V. Sur les demandes accessoires :
Sur la demande d’enlèvement des meubles laissés éventuellement par la locataire après son départ, il y a lieu de rappeler que la question est spécifiquement organisée aux articles L.433-1 et suivants du code des procédures civiles d’exécution au titre des opérations d’expulsion. Ces dispositions prévoient que la personne expulsée conserve la maîtrise de ces biens et désigne le lieu dans lequel ils seront entreposés, les frais de transport et d’entrepôt étant à la charge de la personne expulsée.
Il n’y a donc pas lieu d’ordonner leur enlèvement, leur transport ni leur séquestration, dans le cadre d’éventuelles opérations d’expulsion.

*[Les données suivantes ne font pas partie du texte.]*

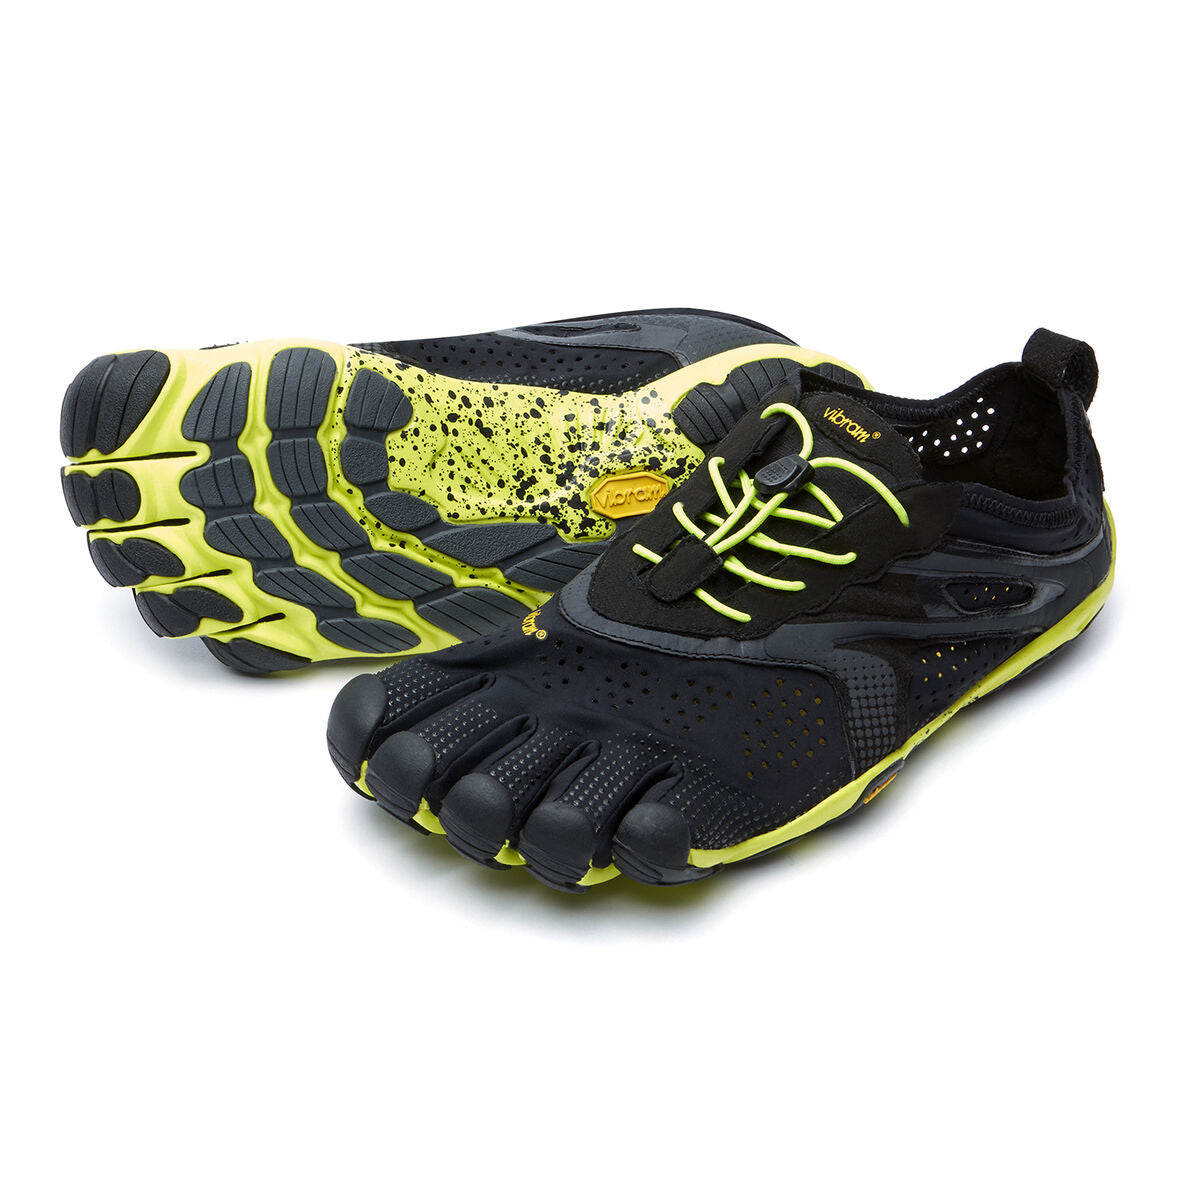 Men's Vibram Five Fingers V-Run Running Shoe in Black/Yellow from the front

En revanche, dans l’hypothèse où Madame [N] [Y] [G] [D] [R] restituerait les clés spontanément, en dehors de toute procédure d’expulsion, il convient de prévoir que tous les objets mobiliers laissés dans le logement après restitution des clés seront réputés abandonnés par la locataire sortante, et seront à la libre disposition de la SEDRE, qui pourra en faire ce que bon lui semble, aux frais et risques de Madame [N] [Y] [G] [D] [R].
Madame [N] [Y] [G] [D] [R], partie perdante, supportera la charge des dépens, qui comprendront notamment le coût du commandement de payer, de l’assignation et de sa notification à la préfecture.
Compte tenu des démarches judiciaires qu’a dû accomplir la SEDRE, Madame [N] [Y] [G] [D] [R] sera condamnée à lui verser la somme de 350 euros au titre de l’article 700 du code de procédure civile.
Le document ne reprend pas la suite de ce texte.